Non-Compartmental Analysis (NCA)
NCA in Pumas is conducted in the following steps:
- Read source data (
.csv,.xlxs,.xpt,sas7bdata) - Create a
NCAPopulationby mapping variables from source data to Pumas-NCA data format - PumasNCADF - Exploratory data analysis
- Run
NCAanalysis - Generate report
Pumas also provides a convenient way to perform NCA analysis within the model as well, this is discussed in the Model integrated NCA section.
Read Source Data
The Pumas-NCA data format - PumasNCADF provides the specification requirements of the source data. Currently, several file formats can be read in for analysis:
.csv(CSVpackage).xslx(XSLXpackage).sas7bdat/.xpt(ReadStatTablespackage).arrow(Arrowpackage)

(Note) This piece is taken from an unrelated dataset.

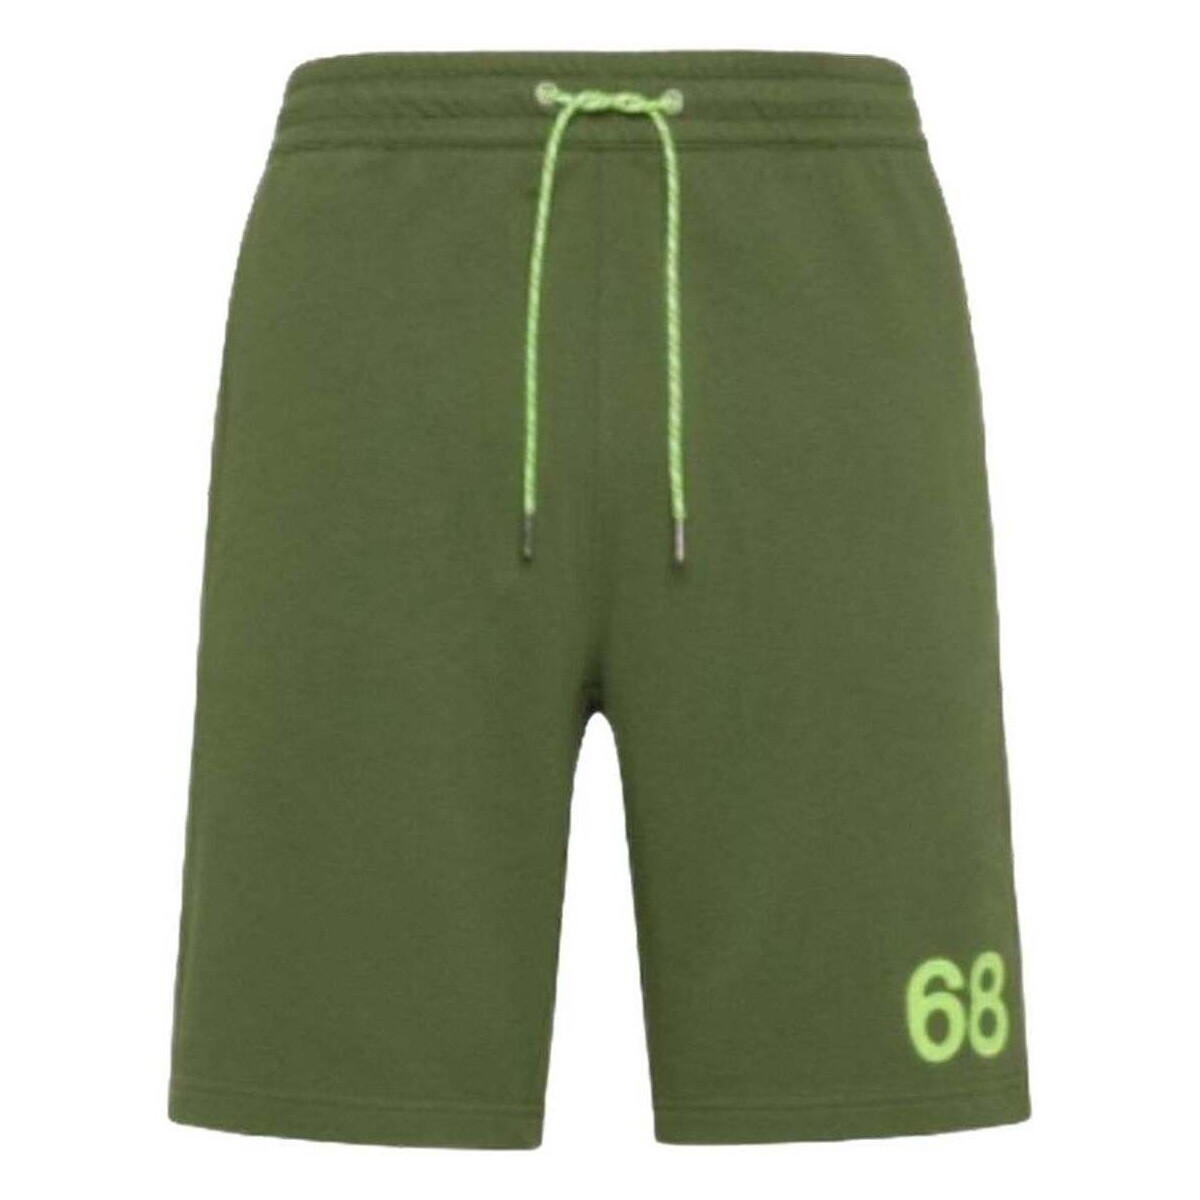 Vêtements Homme Shorts / Bermudas Sun68  Vert

For this introduction we'll use the PharmaDatasets package and the po_sad_1 dataset:
using PharmaDatasets
pkdata = dataset("po_sad_1")
first(pkdata, 6)| Row | id | time | dv | amt | evid | cmt | rate | age | wt | doselevel | isPM | isfed | sex | route |
|---|---|---|---|---|---|---|---|---|---|---|---|---|---|---|
| Int64 | Float64 | Float64? | Float64? | Int64 | Int64? | Float64 | Int64 | Int64 | Int64 | String3 | String3 | String7 | String3 | |
| 1 | 1 | 0.0 | missing | 30.0 | 1 | 1 | 0.0 | 51 | 74 | 30 | no | yes | male | ev |
| 2 | 1 | 0.25 | 35.7636 | missing | 0 | missing | 0.0 | 51 | 74 | 30 | no | yes | male | ev |
| 3 | 1 | 0.5 | 71.9551 | missing | 0 | missing | 0.0 | 51 | 74 | 30 | no | yes | male | ev |
| 4 | 1 | 0.75 | 97.3356 | missing | 0 | missing | 0.0 | 51 | 74 | 30 | no | yes | male | ev |
| 5 | 1 | 1.0 | 128.919 | missing | 0 | missing | 0.0 | 51 | 74 | 30 | no | yes | male | ev |
| 6 | 1 | 2.0 | 155.85 | missing | 0 | missing | 0.0 | 51 | 74 | 30 | no | yes | male | ev |
Create a NCAPopulation
The generated DataFrame object now needs to be mapped to the requirements of Pumas NCA package. Mapping is done using the read_nca function that is described in detail later. An example for read_nca is the following:
using NCA
ncapop = read_nca(pkdata; observations = :dv, group = [:doselevel])NCAPopulation (18 subjects):
Group: [["doselevel" => 30], ["doselevel" => 60], ["doselevel" => 90]]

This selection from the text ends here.